The recurrence of head and neck squamous cell carcinoma (HNSCC) after surgical resection continues to pose a major challenge to cancer treatment. Advanced HNSCC exhibits a low response rate to immune checkpoint blockade (ICB), while photothermal therapy (PTT) can increase the infiltration of immune cells to make tumors more susceptible to cancer immunotherapy.

        In this regard, Professor Guang Yang’s 3Bio Group at College of Life Science and Technology, Huazhong University of Science and Technology,Professor Zhi-Jun Sun at school & hospital of stomatology ,Wuhan University reported  a  novel  multifunctional  nanocomposite  comprised  of  oxidized bacterial  cellulose  (OBC),  thrombin  (TB),  and  gold  nanocages  (AuNCs)  containing  anti-programmed  death  1  (PD-1)  antibody as the title of Implantable versatile oxidized bacterial cellulose membrane for postoperative HNSCC treatment via photothermal-boosted immunotherapy in the international journal of NANO RESEARCH.
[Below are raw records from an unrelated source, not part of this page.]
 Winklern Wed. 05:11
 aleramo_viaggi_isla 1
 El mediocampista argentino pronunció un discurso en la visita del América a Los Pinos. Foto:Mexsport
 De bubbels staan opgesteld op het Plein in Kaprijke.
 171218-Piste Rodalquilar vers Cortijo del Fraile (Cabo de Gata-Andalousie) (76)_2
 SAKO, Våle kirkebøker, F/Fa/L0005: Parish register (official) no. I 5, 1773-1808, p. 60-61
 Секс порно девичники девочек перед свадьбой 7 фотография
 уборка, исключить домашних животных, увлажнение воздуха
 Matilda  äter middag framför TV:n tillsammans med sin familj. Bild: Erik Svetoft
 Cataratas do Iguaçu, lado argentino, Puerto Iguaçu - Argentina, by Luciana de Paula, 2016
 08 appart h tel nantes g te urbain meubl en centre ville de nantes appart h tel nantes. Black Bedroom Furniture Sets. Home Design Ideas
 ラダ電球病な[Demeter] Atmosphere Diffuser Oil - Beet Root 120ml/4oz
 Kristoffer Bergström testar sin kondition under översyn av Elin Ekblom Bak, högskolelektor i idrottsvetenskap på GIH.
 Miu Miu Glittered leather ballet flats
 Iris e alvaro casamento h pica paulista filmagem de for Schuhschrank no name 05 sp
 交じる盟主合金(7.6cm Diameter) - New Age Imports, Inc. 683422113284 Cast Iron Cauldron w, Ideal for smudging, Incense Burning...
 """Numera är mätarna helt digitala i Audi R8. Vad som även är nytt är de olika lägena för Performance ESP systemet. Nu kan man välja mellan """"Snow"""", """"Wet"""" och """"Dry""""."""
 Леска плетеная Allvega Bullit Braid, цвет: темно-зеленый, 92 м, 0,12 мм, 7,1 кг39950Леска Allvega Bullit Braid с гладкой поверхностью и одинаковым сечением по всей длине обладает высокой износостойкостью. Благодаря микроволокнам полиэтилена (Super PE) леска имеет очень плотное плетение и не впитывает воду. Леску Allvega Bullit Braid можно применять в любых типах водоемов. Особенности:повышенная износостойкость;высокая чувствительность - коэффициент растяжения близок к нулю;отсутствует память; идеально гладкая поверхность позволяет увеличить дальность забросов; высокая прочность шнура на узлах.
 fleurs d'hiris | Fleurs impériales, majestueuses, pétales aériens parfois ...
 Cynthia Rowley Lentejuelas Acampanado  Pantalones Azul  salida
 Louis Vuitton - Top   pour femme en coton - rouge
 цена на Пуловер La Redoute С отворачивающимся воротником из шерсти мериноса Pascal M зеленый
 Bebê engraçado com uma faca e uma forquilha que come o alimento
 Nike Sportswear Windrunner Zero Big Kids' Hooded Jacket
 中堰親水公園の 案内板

    The newly developed TB/aPD-1@AuNCs/OBC composites demonstrated a remarkable ability toward facilitating the relief of the immunosuppressive TME and inducing systemic immune responses. The aPD-1 released from this system allowed the combination with local ICB therapy to inhibit local recurrence of the residual tumor.Specifically,  aPD-1@AuNC under NIR irradiation could generate ROS to induce pyroptosis and release intracellular contents (i.e., HMGB1, LDH, and ATP), which triggered T-cellmediated robust tumor eradication due to the enhanced DCs maturation process and presentation of tumor-specific antigens, which enabled the PTT therapy boosted the immunotherapy mediated by aPD-1 and resulted in excellent antitumor efficacy in SCC7-tumor-bearing mice. Additionally, the Food and Drug Administration (FDA) has approved BC products in the biomedical field recently, which have demonstrated the feasibility and safety of  TB/aPD-1@AuNCs/OB. The TB can be mixed within the tumor resection blood after surgery to make the TB/aPD-1@AuNCs/OBto adhere postoperative sites, which is more in line with the operation habits of surgeon. Therefore, the versatile OBC-based platform could be adapted in “real-world practice" and might have promising clinical applications for reducing the tumor recurrence in postoperative HNSCC tumor treatment.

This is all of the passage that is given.